The ODPs/circulation nurses were asked to assist in unanticipated difficult airway scenario leading to cricothyroidotomy. The ability to locate the difficult airway trolley, identify the correct cricothyroidotomy set and setting up the high-pressure ventilation device were all assessed.
Twenty-three participants with clinical experience varying between 1 and 5 years took part in the study. Only one of the participants had prior experience of a CICV scenario in a real clinical setting. All the participants were able to locate the difficult airway trolley. Fourteen participants (61%) were able to identify the Manujet III and connect it to the correct oxygen source. Six (26%) required prompting from the anaesthetist to set up and connect it to the correct oxygen source, whereas three (13%) were unable to do so despite promptings from the anaesthetist. Table 1 lists the other outcome measures that were recorded during the study. The clinical experience of ODPs or the circulation nurse did not have any significant effect on the reventilation time (Table 2).
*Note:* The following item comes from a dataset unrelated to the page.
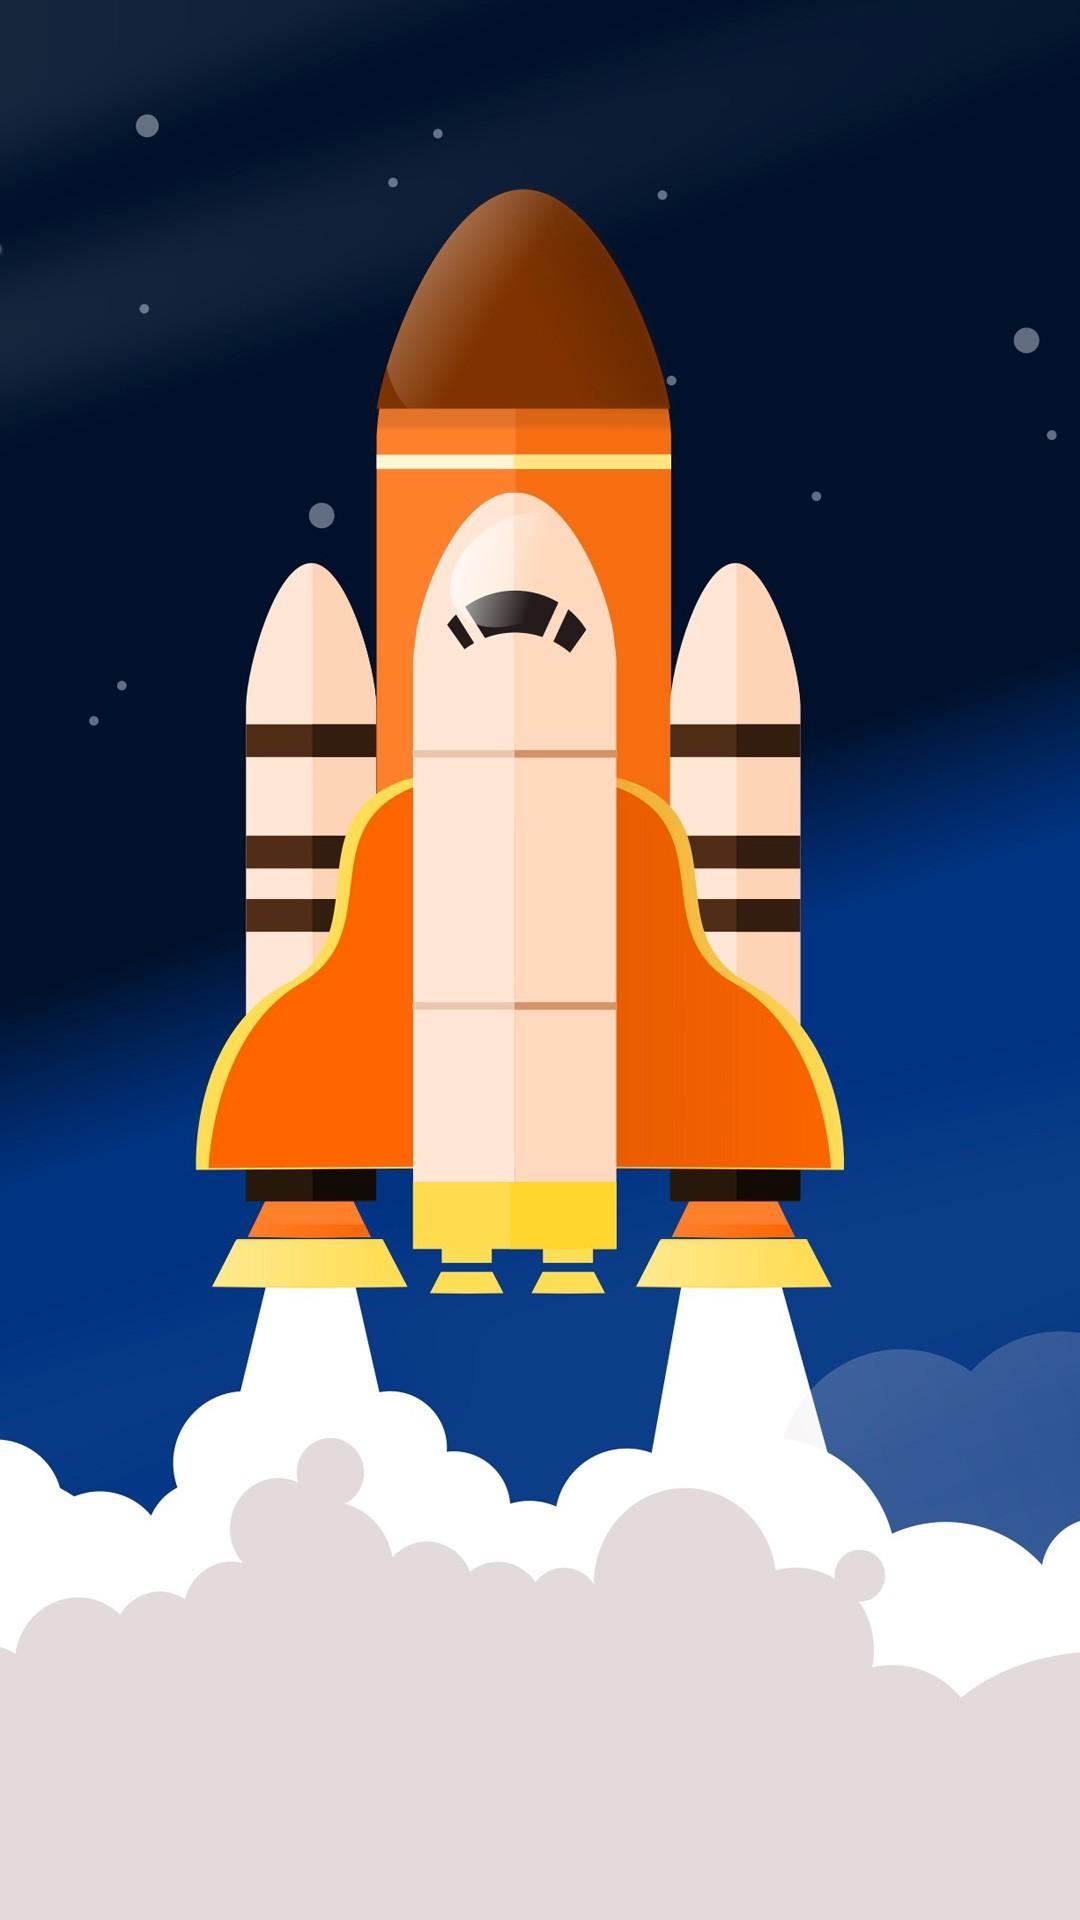 Batman Animated Wallpaper Space Shuttle Rocket Wallpapers Hd Wallpapers Id 19013

An important finding was that nearly 40% of the participants were either unable to set up Manujet III or required help to connect to the correct oxygen source. This was attributed to a lack of familiarity with managing the CICV scenario, inexperience of the participants and the presence of two different types of probes on the Manujet III to connect to the oxygen source (Fig. 1). The standard Schrader probe connects to the oxygen outlet socket at the wall and the mini-Schrader probe connects to a special oxygen outlet at the rear of the anaesthetic machine. Modern anaesthetic machines have a mini-Schrader valve socket for oxygen, which may be used to power Venturi systems for a bronchoscope or a Manujet.5
The main aim of this study was to assess the ODPs/circulation nurses familiarity with the equipment and their ability to assist in a CICV scenario. There are limitations in our study. We only studied the one aspect of cannula cricothyroidotomy that contributes to the success such as the skilled assistance from ODPs/circulation nurses. However, adaptations of coordinated activities is related to improved team performance in healthcare6 and also as Meeusen et al. suggest standardisation of the training and practice of nurse anaesthetists is desirable for patient safety and quality of care if they seek to work in more than one European country.7
CICV is a rare scenario, but if managed poorly can lead to severe morbidity and mortality. We emphasise that regular training sessions for ODPs/circulation nurses in a simulated environment will help to increase their confidence and their skill levels in dealing with this difficult and stressful situation. The positive feedback from the participants has further strengthened the value of this study as they found it to be a very useful and an educational experience.
Assistance with the letter: none declared.
Financial support and sponsorship: none declared.
Conflicts of interest: none declared.